The U.S. Federal Reserve's Federal Open Market Committee (FOMC) meeting minutes from July will be released this afternoon and once again the nation's central bank won't be looking to pull any tricks.
As the Fed's playbook stands now, there will be a $25 billion monthly purchase of agency mortgage-backed securities (MBS) and long-term treasuries until the September meeting, when that number will be tapered to $15 billion. And, as minutes from June's meetings suggest, that last $15 billion will be cut and the policy of quantitative easing will end after the meeting on October 29.

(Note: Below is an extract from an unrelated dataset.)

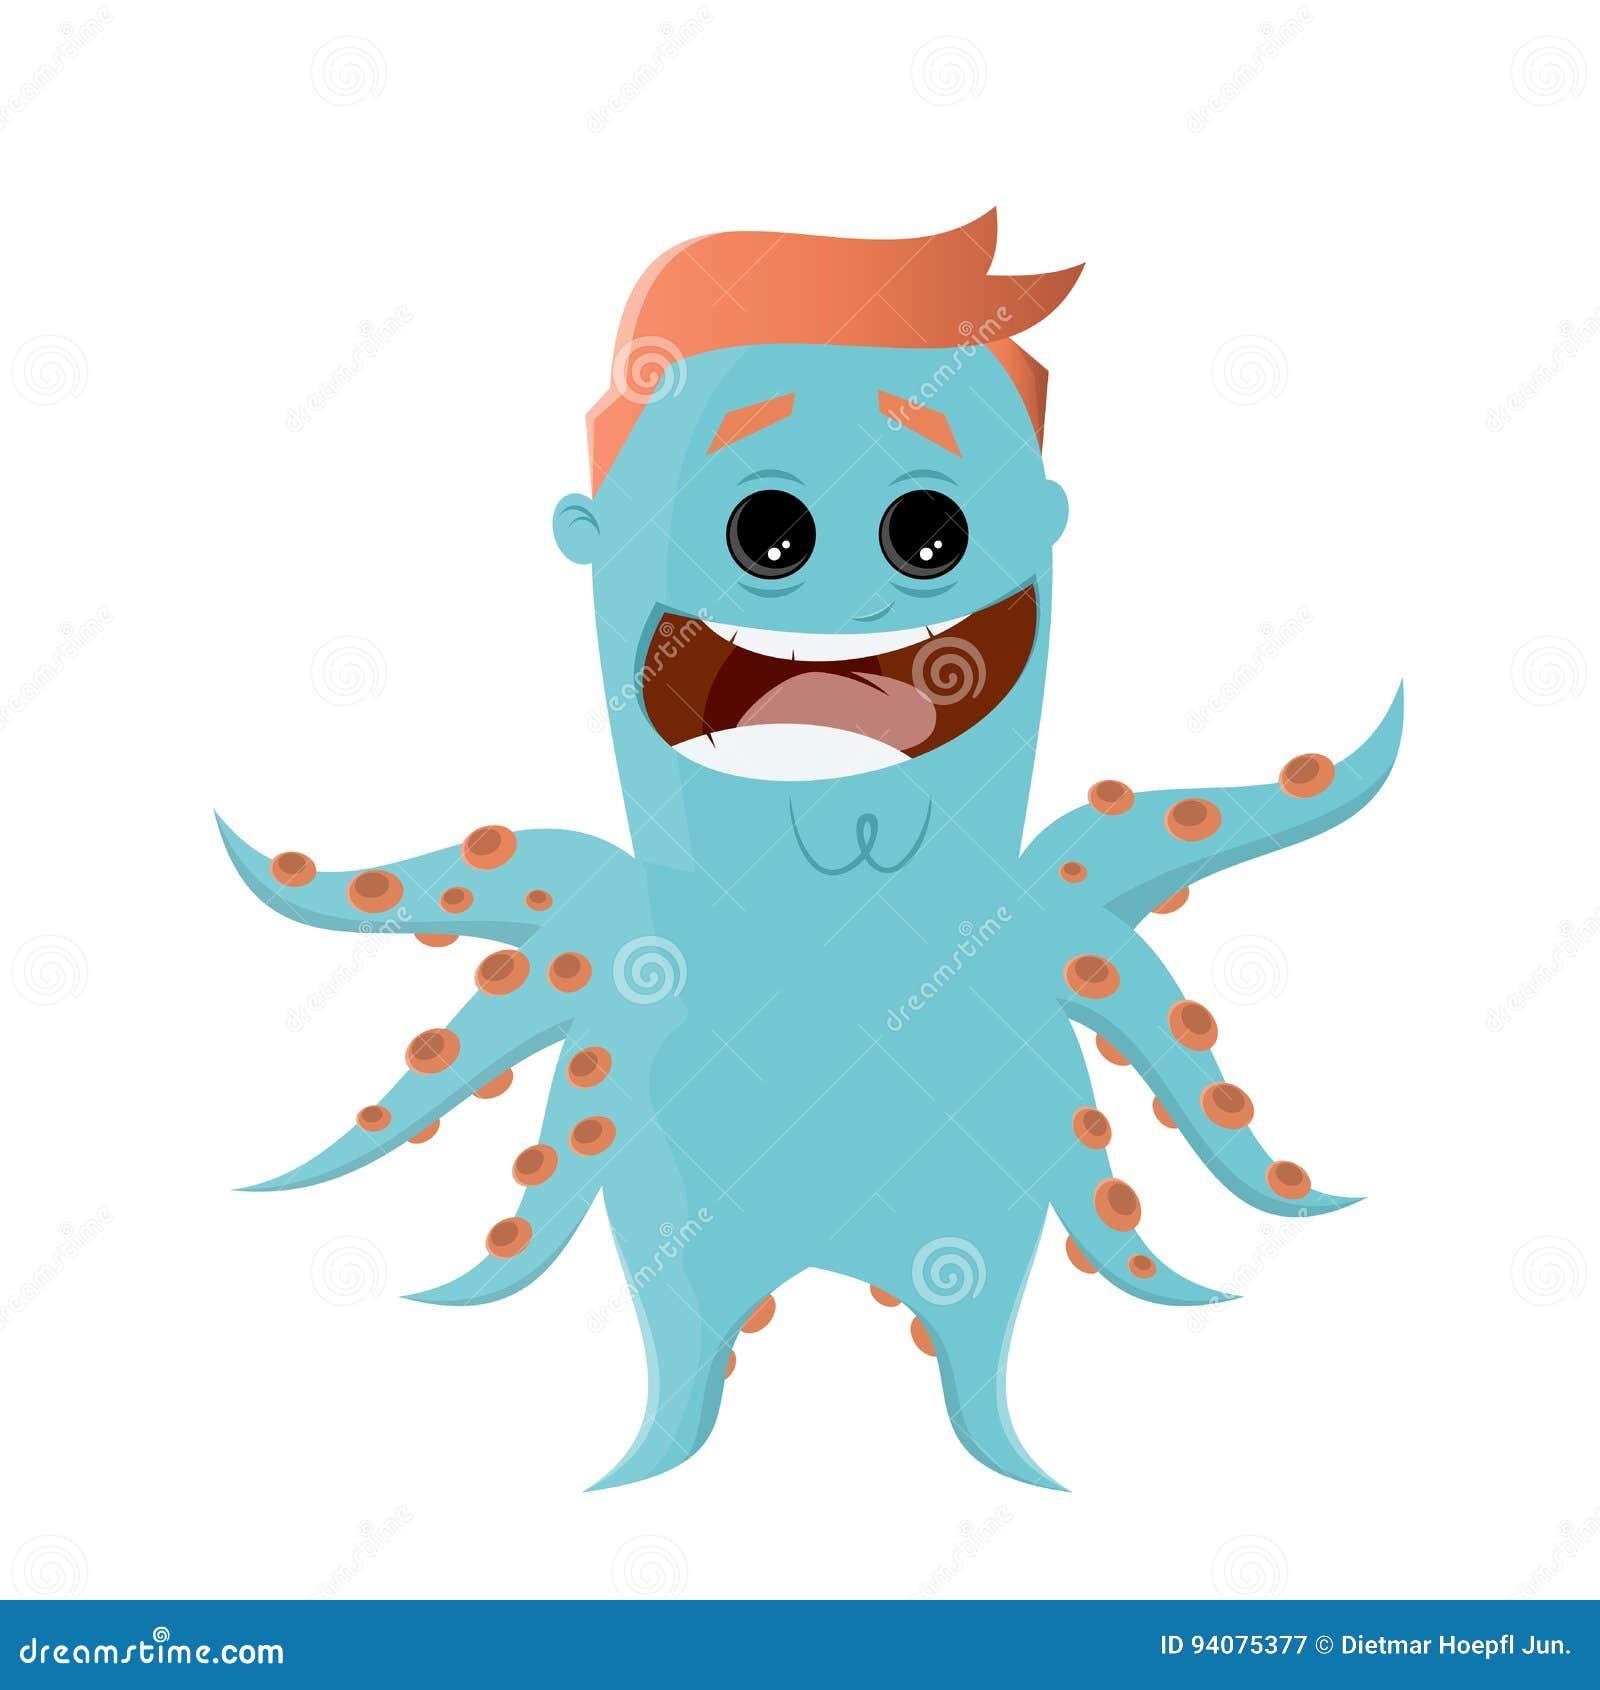 Blue Octopus Vector Clipart image - Free stock photo - Public Domain photo  - CC0 Images

The policy of bond buying began in September 2012 as a way to put downward pressure on long-term interest rates and pour more money into the markets at a time when the U.S. economy needed a quick boost amid a slow-growing, post-recessionary period. It began as a monthly purchase of $45 billion in treasuries, and $40 billion in agency MBS, for a total of $85 billion in total asset purchases.

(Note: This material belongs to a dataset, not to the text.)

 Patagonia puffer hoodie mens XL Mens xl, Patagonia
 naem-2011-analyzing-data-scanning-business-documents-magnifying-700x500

It wasn't until December 2013 that former Fed Chairman Ben Bernanke announced that this stimulative policy would begin winding down with a $10 billion reduction in these purchases. With every Fed meeting to follow, another $10 billion would be cut from the purchases until the program was ended altogether.
The only change to that script came in the minutes from June's meeting, which revealed that rather than cut $10 billion in October's meeting and continue purchasing $5 billion worth of assets every month until a final round of reductions came at the end of the December meeting, the Fed would just cut the final $15 billion after the October meeting.

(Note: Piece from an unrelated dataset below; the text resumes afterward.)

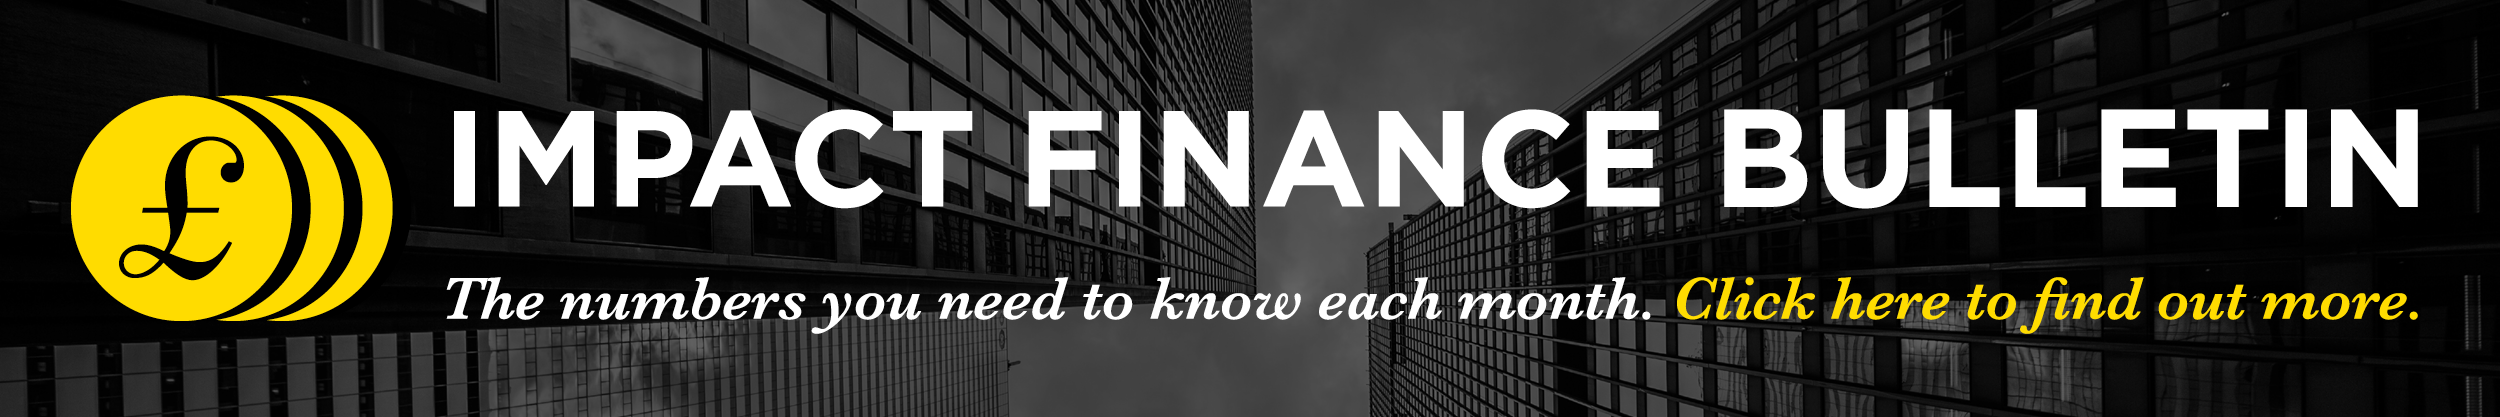 Impact Finance Bulletin

All in all, the announcements out of the Fed have been predictable, and current Fed chairwoman Janet Yellen has continued to follow the same path that her predecessor Bernanke handed her when he departed from the post in February.
But even the predictable Fed talk can be felt on Wall Street...
How Fed Minutes Move Markets
Fedspeak, no matter how dry and technical, has the ability to move markets because it gives hints as to what the country's long-term monetary outlook will be.
Even on days when positive economic news is released, the major indexes won't move until given direction from the Fed. This happened before the meeting on July 30, when the S&P 500 was down as much as 7.53 points before the FOMC released a statement, despite news of optimistic economic growth expectations. Within an hour of the Fed statement, the S&P advanced 4.56 points.
"The actual numbers are just the latest figures to come out and we always know there's that next round of numbers," Clifford Rossi, executive-in-residence and professor of the practice at the University of Maryland's Robert H. Smith School of Business, told Money Morning. "The Fed is taking this big picture, long-term view."
While today is not the day of an actual FOMC meeting, Fed policy dictates that the minutes from each meeting be released three weeks after. Today's minutes will be from the July 30 meeting.
The release of these minutes tends to reiterate Fed policy to the markets, which has been dovish as of late. The Fed has yet to announce when it expects there to be interest rate hikes from their near-zero levels, or when the central bank will begin offloading the more than $4 trillion of assets it has on its balance sheet.
So far this year, on dates when the Fed releases minutes the S&P has moved an average of 8.13 points or 0.2% on the day. While on average this is almost negligible, the S&P's 7th biggest one-day advance on the year of 1.09% came on April 9, the day of a Fed minutes release.